Steering is mainly achieved by changing the center of lateral resistance located along the daggerboard or fin through rotating the sail either fore and aft. Unlike fixed mast sail a boat, windsurfing is rudderless and uses the universal joint to allow steering the board with the sail alone. Jibing is done at full speed (a so-called "carve jibe", "power jibe" or "planing jibe"), whereby the rider turns downwind by leaning the sail forward, sheeting and applying pressure to the inside rail. Leaning into the turn much like a snowboarder making a toe-side turn. Pressure is released from the sail as the board turns downwind, allowing for the sail to be jibed. Tacking is turning around going upwind, and at higher speed has become an advanced maneuver, requiring quick movements and good balance. A heel-side turn while planing (called a "cut-back") is usually only executed in wave riding.
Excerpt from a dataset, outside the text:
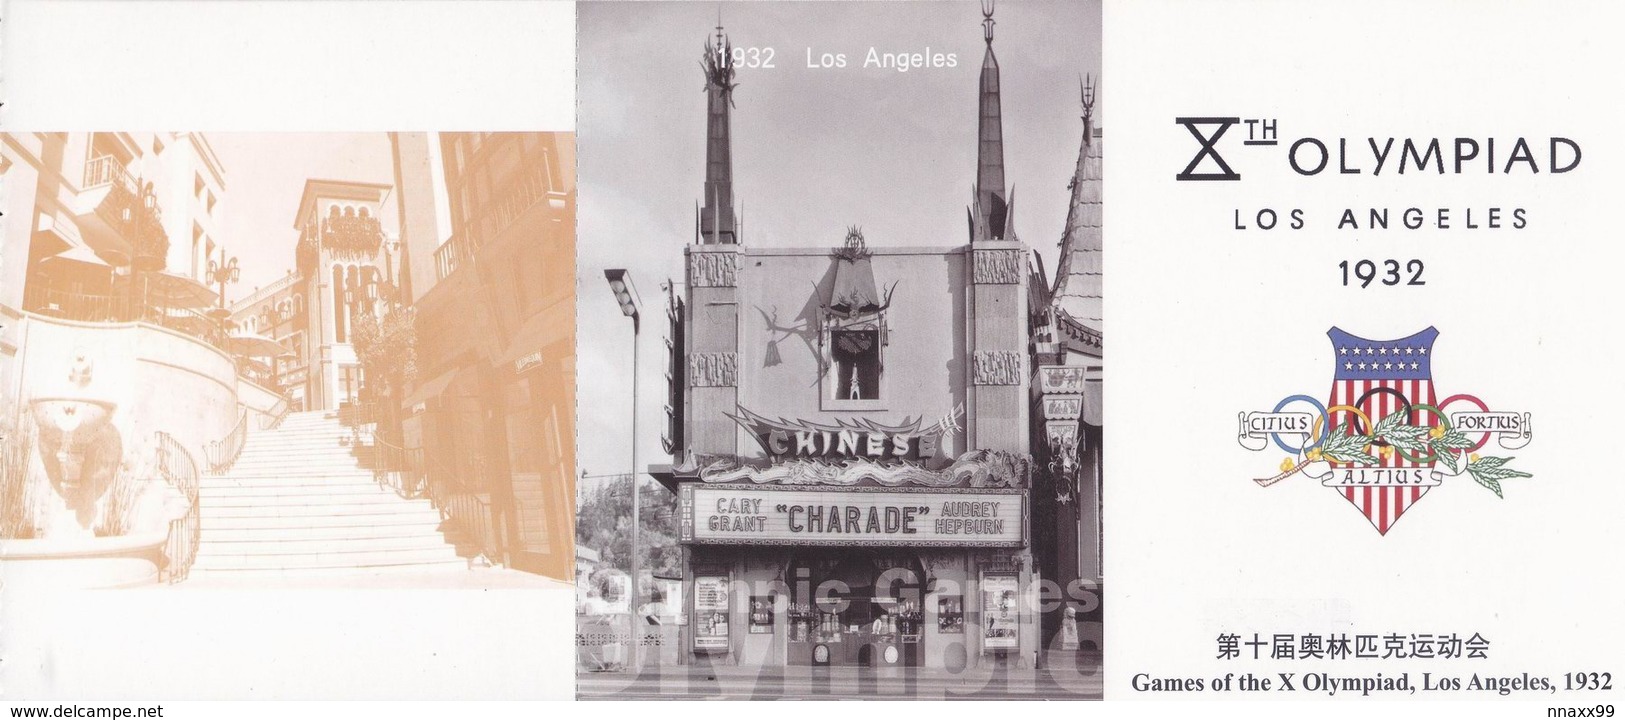 USA - 1932 Los Angeles OG, Grauman's Chinese Theatre & Olympic Logo, W/ Spanish Steps In Rodeo Dr, China's Prepaid Card - Ete 1932: Los Angeles

Water-start: In strong winds it is difficult to uphaul the sail (pulling it out of the water while standing on the board) so waterstarting is necessary. This is done (while water treading) by positioning the mast perpendicular to the wind, lifting the luff out of the water to allow the wind to catch the sail, and then having the sail pull the sailor onto the board. As the sail becomes powered, it is then trimmed to bring the rider, board, and sail back onto a plane. Occasionally a rider may be unable to waterstart if the wind has dropped. If this happens the rider can wait for a gust and "pump" the sail to get back on the board. If this becomes hopeless uphauling the sail will be necessary.

Racers

Long-board classes

Olympic class

Windsurfing has been one of the Olympic sailing events at the Summer Olympics since 1984 for men and 1992 for women. Olympic Windsurfing uses 'One Design' boards, with all sailors using the same boards, daggerboards, fins and sails. The equipment is chosen to allow racing in a wide range of sailing conditions The former Olympic class, the Neil Pryde RS:X was used for the first time in the 2008 Summer Olympics. For 2024 the new Olympic Class windsurfer will use advanced foil technology with the radical new iQFoil one design class.

One Design Racing classes
These offer hugely popular class racing around the world thanks to relative low cost, the same gear is competitive for many years with no class changes, added fun of competition that allows intermediates to race on the same gear as the best athletes and thus these are the most social of all racing classes. The most popular one design classes are the original WINDSURFER class, the long running Mistral One Design, the Youth development class Bic-Techno and the rapidly expanding new iQFoil.

Formula class

Formula windsurfing has developed over the last 15 years in order to facilitate high-performance competition in light and moderate winds. Formula is now a class of windsurfing boards controlled by World Sailing that has the principal characteristic of a maximum 1m width. They have a single fin of maximum length 70 cm and carry sails up to 12.5 m2. Class rules allow sailors to choose boards produced by multiple manufacturers, as long as they are certified as Formula boards and registered with ISAF, and use fins and sails of different sizes. With the sail, fin and board choices, the equipment is able to be tailored to suit sailors of all body shapes and formula windsurfing presents one of the fastest course-racing sailing craft on the water. Formula Windsurfing is popular in many locations around the globe with predominantly light winds and flat water.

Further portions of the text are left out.